= Beginning of Section =

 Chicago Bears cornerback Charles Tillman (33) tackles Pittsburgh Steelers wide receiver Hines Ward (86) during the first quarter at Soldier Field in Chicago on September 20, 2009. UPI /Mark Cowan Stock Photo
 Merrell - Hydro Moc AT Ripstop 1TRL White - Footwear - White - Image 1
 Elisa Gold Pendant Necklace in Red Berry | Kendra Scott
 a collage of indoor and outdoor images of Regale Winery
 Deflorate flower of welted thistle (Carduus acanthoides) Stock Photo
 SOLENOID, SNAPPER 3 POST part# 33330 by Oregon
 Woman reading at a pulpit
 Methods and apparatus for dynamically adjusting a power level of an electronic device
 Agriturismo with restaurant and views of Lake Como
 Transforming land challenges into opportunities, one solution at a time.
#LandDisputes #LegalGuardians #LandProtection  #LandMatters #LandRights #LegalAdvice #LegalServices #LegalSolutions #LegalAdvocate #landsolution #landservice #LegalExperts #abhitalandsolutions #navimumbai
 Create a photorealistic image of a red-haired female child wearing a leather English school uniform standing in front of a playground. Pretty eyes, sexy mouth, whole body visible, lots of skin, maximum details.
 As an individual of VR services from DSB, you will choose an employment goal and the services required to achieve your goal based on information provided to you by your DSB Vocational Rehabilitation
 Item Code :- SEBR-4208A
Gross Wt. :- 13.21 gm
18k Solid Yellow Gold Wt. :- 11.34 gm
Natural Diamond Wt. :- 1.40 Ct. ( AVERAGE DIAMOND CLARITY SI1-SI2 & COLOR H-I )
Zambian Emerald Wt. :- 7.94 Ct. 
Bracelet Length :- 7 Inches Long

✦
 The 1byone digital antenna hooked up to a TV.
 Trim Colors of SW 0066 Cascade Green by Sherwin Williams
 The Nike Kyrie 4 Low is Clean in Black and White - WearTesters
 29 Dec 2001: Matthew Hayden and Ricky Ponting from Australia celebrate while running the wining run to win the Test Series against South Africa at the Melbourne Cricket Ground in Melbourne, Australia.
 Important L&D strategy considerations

= End of Section =

# WORK INSTRUCTIONS
Each line in the listing above that contains "from" should be copied.

# ANSWER SECTION
 As an individual of VR services from DSB, you will choose an employment goal and the services required to achieve your goal based on information provided to you by your DSB Vocational Rehabilitation
 29 Dec 2001: Matthew Hayden and Ricky Ponting from Australia celebrate while running the wining run to win the Test Series against South Africa at the Melbourne Cricket Ground in Melbourne, Australia.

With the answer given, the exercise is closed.